Regular expression engines themselves tend to be divided into two categories predominantly based on the features they expose. Regex engines that provide support for all of the above tend to use an approach called backtracking, which is typically quite fast, but can be very slow on some inputs. “Very slow” in this case means that it might take exponential time to complete a search. For example, try running this Python code:

>>> import re
>>> re.search('(a*)*c', 'a' * 30)

Even though both the regex and the search string are tiny, it will take a very long time to terminate, and this is because the underlying regex engine uses backtracking, and can therefore take exponential time to answer some queries.

The other type of regex engine generally supports fewer features and is based on finite automata. For example, these kinds of regex engines typically don’t support back-references. Instead, these regex engines will often provide a guarantee that all searches, regardless of the regex or the input, will complete in linear time with respect to the search text.
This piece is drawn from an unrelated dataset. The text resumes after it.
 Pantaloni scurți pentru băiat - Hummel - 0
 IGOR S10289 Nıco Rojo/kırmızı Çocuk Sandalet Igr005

It’s worth pointing out that neither type of engine has a monopoly on average case performance. There are examples of regex engines of both types that are blazing fast. With that said, here’s a breakdown of some search tools and the type of regex engine they use:

  • GNU grep and git grep each use their own hand-rolled finite automata based engine.
  • ripgrep uses Rust’s regex library, which uses finite automata.
  • The Silver Searcher and Universal Code Grep use PCRE, which uses backtracking.
  • Both The Platinum Searcher and sift use Go’s regex library, which uses finite automata.

Both Rust’s regex library and Go’s regex library share Google’s RE2 as a common ancestor.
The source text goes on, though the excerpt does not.